In the case that $I(\pmb k)$ is symetric integral containing $sin(\pmb k \pmb z)$ will always be equal to zero.

$$ \Gamma_{\rho}(\pmb z) = \int I(\pmb k) cos(\pmb k\pmb z)d\pmb k $$

SAXS data provides the difference in electron density in the range of 1 to 1,000 nm. This difference can be represented as deviation from the mean electron density, $\bar{\rho}$ as shown below.

$$ \eta( \pmb z) = \rho( \pmb z) - \bar \rho$$

Let $\Gamma_{\eta} (\pmb x)$ represent the autocorrelation of $\eta ( \pmb x)$.

$$ \Gamma_{\eta} (\pmb x) = \int \eta ( \pmb y) \eta ( \pmb y + \pmb x) d \pmb y $$

Let $\gamma (\pmb x)$ represent the normalized autocorrelation of $\eta ( \pmb x)$ and is referred to as the Debye correlation function [1].

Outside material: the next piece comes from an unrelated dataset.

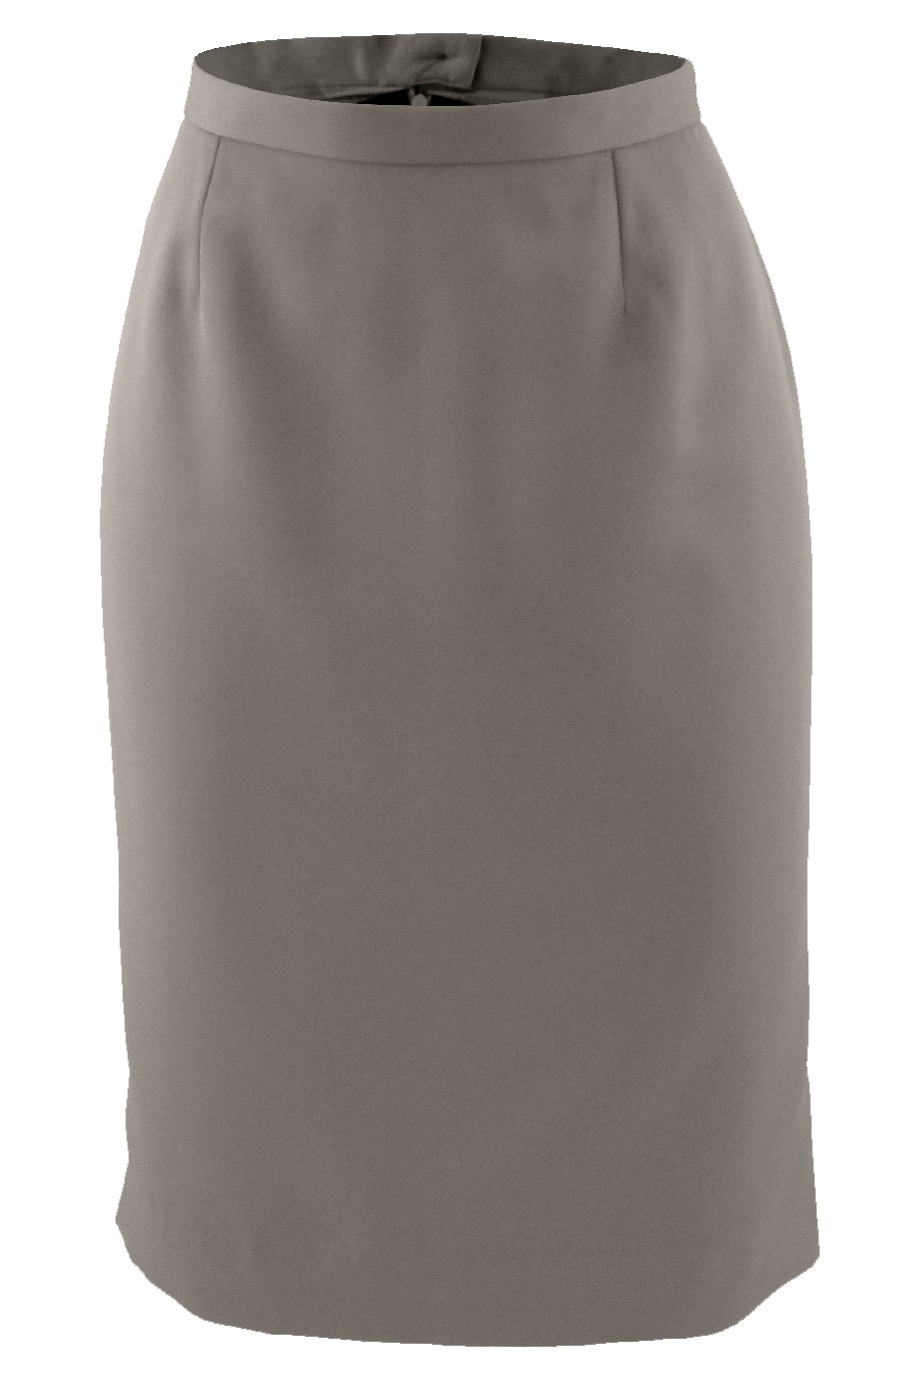 Edwards Garment 9792 - Women's Microfiber Skirt
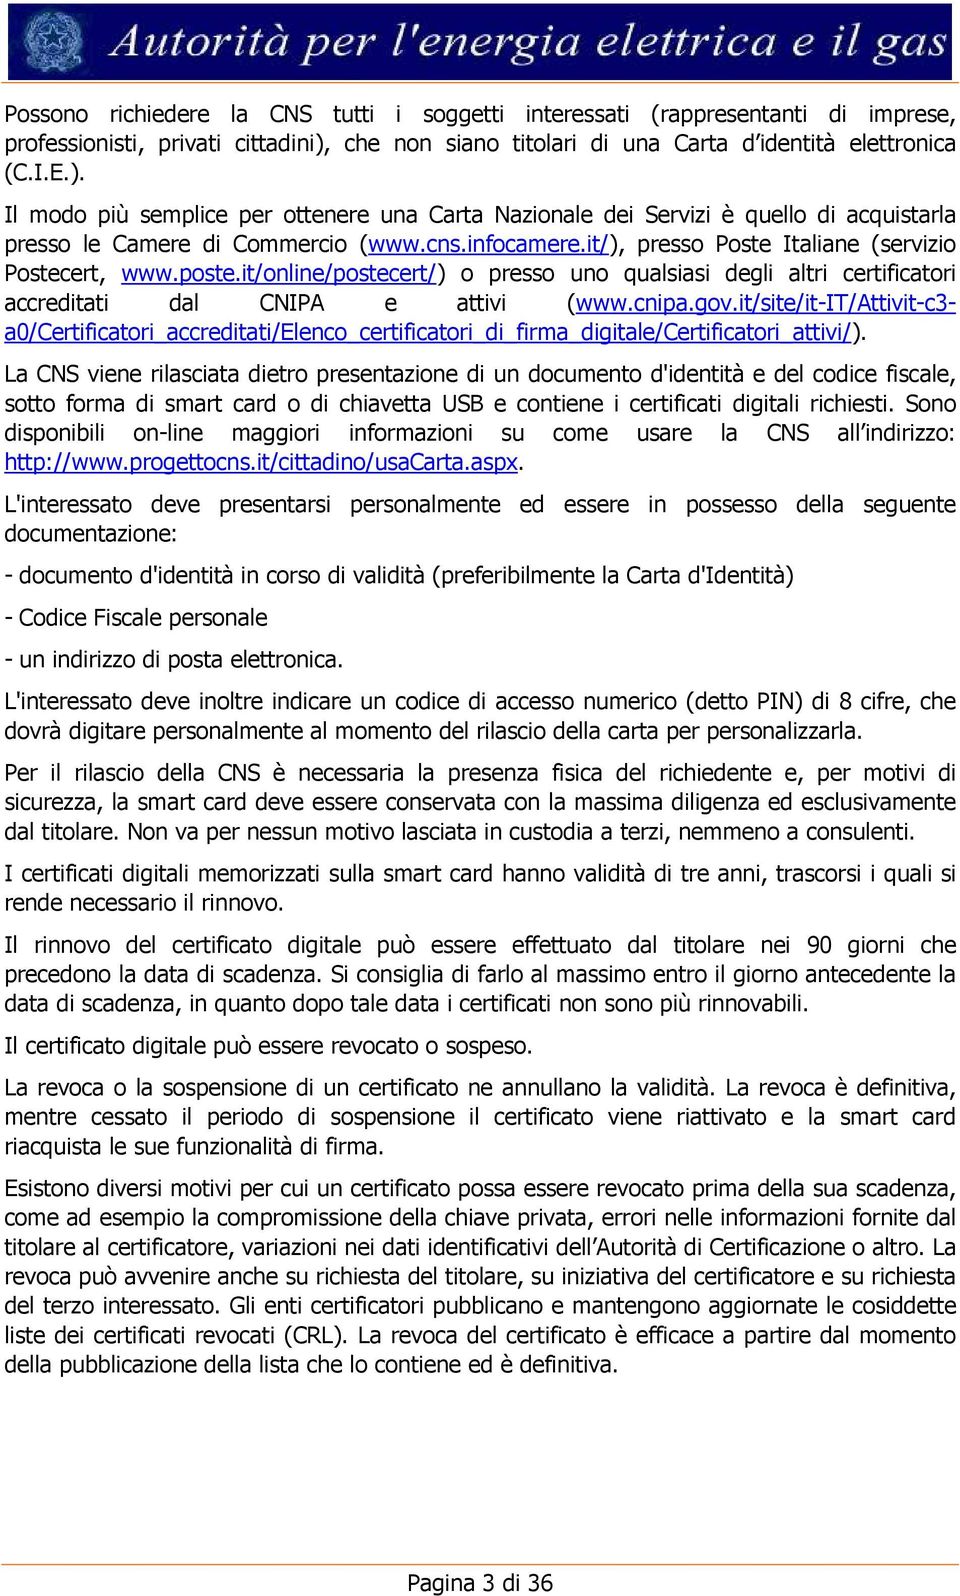 infocamere.it/), presso Poste Italiane (servizio Postecert, www.poste.it/online/postecert/) o presso uno qualsiasi degli altri certificatori accreditati dal CNIPA e attivi (www.cnipa.gov.

$$ \gamma (\pmb x) = \frac{\Gamma_{\eta} (\pmb x)}{\Gamma_{\eta} (0)} $$

The normalization constant is

$$\Gamma_{\eta}(0) = \int \eta ( \pmb y) \eta ( \pmb y + \pmb 0) d \pmb y = V \eta_o^2$$

where $V$ is the scattering volume and $\eta_o^2$ is the mean square perturbation of the scattering length density throughout the system [1].

The relationship between the Debye correlation function and the correlation function of $\eta( \pmb x)$ can be expressed as follows.

$$ \Gamma_{\eta} (\pmb x) = V \eta_o^2 \gamma (\pmb x) $$

This new definition allows us to write equation $(1)$ in terms of $\gamma (\pmb x)$.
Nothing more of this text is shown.